There is mention of the aberrant practice in Ward's Sequel to Catholic Emancipation on page 201, as well as Wiseman's opposition to it.

Ttony said...

Agellus: many thanks. I have downloaded the book to read it all. It explains how the custom had decayed into an extra postcommunion, but not what impelled the Vicars Apostolic. but guess that I'm going to have to get hold of "The Eve" and "The Dawn" as well, at some point.

I wish somebody would write a straightforward history of the Catholic Church in England and Wales 1780 to 1903, the death of Bourne, the last of the Archbishops of Westminster to have known pre-Restoration Catholic life.

Anonymous said...

The Leeds Diocesan archives contain a report of 1823 by the Vicar Apostolic of the Northern
District on the state of Catholicism
in his district at that time. Prepared for Propaganda Fide. I always thought that the Prayer for the King/Queen after the main Mass on Sundays (Domine salvam fac.) sung until Vatican 2, was required by the Government as a
condition of granting some freedom
of practice to Catholics by the Relief Act. Was the addition to the canon a similar requirement?

Ttony said...

Anon: the insertion in the Canon was decided by the Vicars Apostolic themselves. The Government came up with an Oath for Catholics to swear to prove their loyalty.

The Salvum fac is a prayer for the Monarch, said outside the Mass itself, as was the custom for non-Catholic princes. That prayer, or a similar one, would, I believe, be said by Catholics in any non-Catholic kingdom.

Rubricarius said...

A friend of mine has a layman's Missal of the period with the oration for HM King George, Queen Charlotte and the Royal Issue. I wonder if there was an element of gratitude as the King had given some of his own money to support Maynooth?

Ttony said...

I'm pretty confident that the prayers for the Royal family were introduced simply as a token of recognition for the fact that Catholicism had been decriminalised, as it were. Catholics worshiping legally were bound to pray for their sovereigns. The surprise is that the prayers should be inserted in the Mass. Rubricarius: is the prayer you refer to a postcommunion or a prayer after Mass?
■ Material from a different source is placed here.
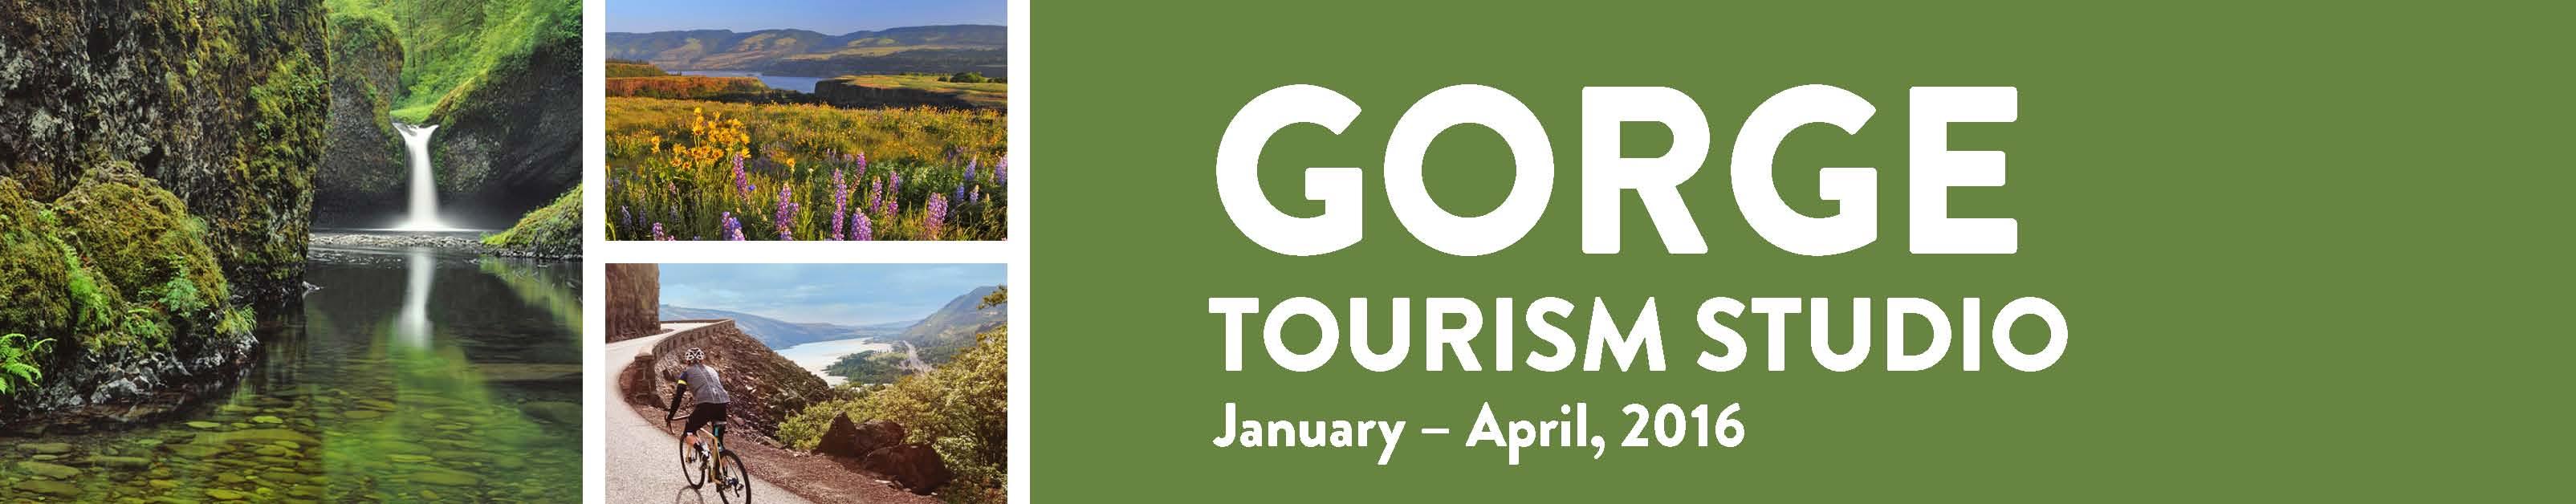 Gorge Tourism Studio

What becomes more and more clear is that the Catholic Church in England and Wales after the Catholic Relief Act and up to the Restoration of the Hierarchy was fairly Gallican in its relationship with Rome. Wiseman's triumph (Discuss) was to reintegrate England and Wales with Rome.

Rubricarius said...

Ttony, IIRC it was a post-communion.

Ttony said...

Rubricarius, was it this?

Oratio Postcommunioni Addenda

Et famulos tuos N. Papam, N. Antistitem nostry, N. regem nostrum, cum domo regia, cum populo et exercitu ipsi commissis, ab omni adversitate custodi; pacem tuam nostris concede temporibus, et an Ecclesia tua cunctam repelle nequitiam. Per Dominum.
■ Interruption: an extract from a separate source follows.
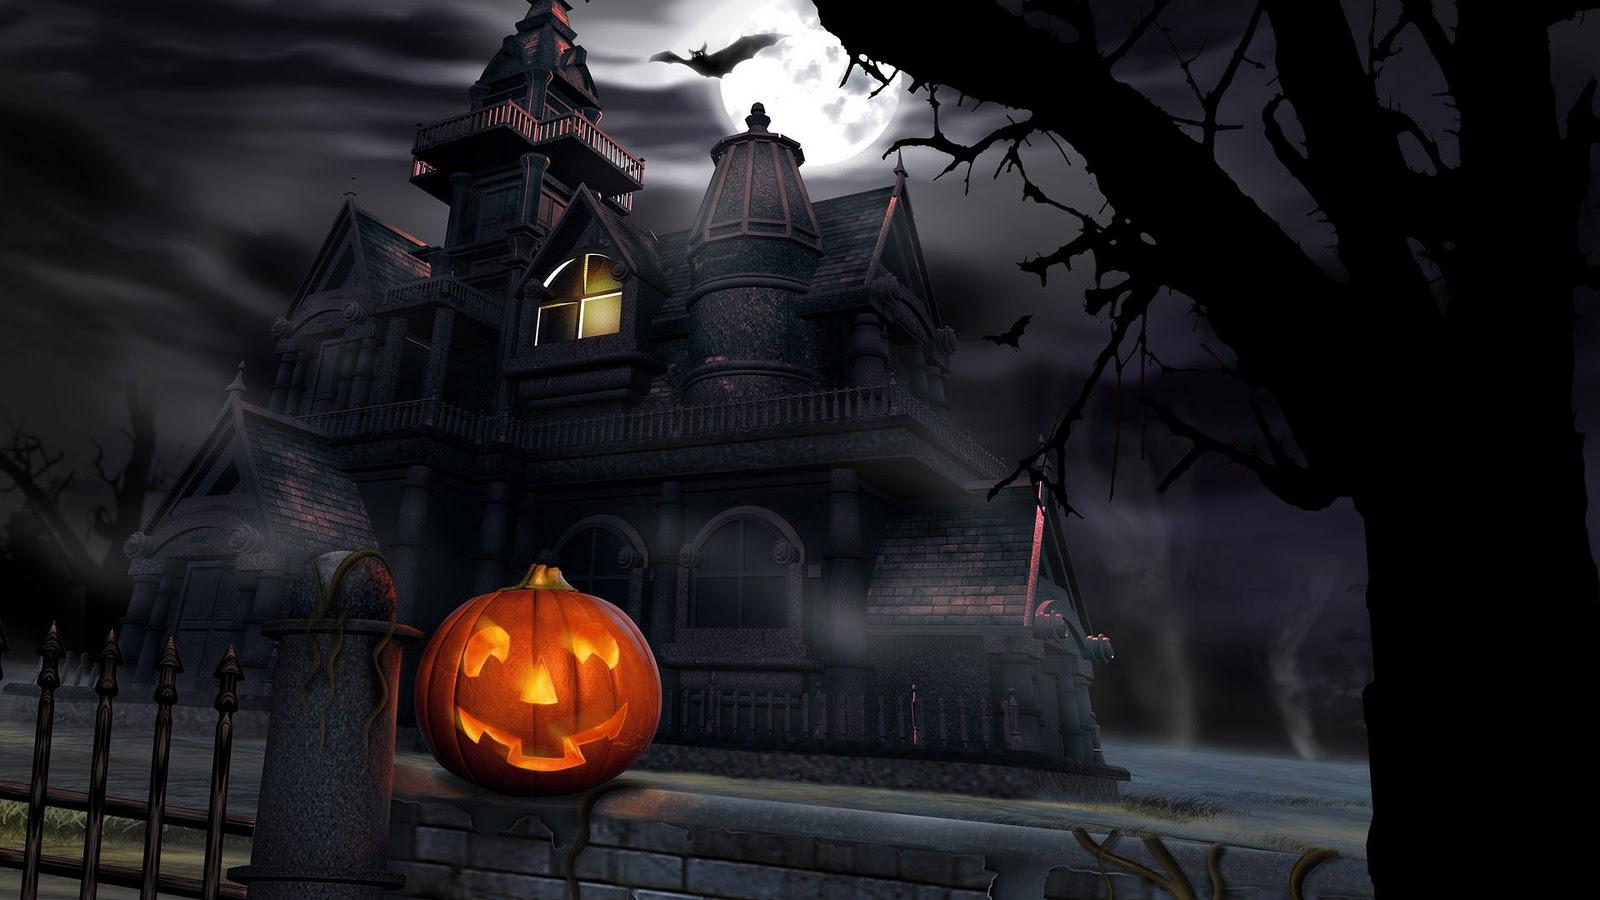 halloween screen wallpaper hd - photo #2

This was the prayer Pope Gregory XVI was so scandalised by. He asked Wiseman in 1847 to have it stopped. Bishop Baines (VA Western District) agreed to stop it; Bishop Milner (VA Midland District (though earlier)) had never allowed it to be said, thinking it an abuse; while Bishop Griffiths (VA London District) had it said in his District every day until his death in 1847.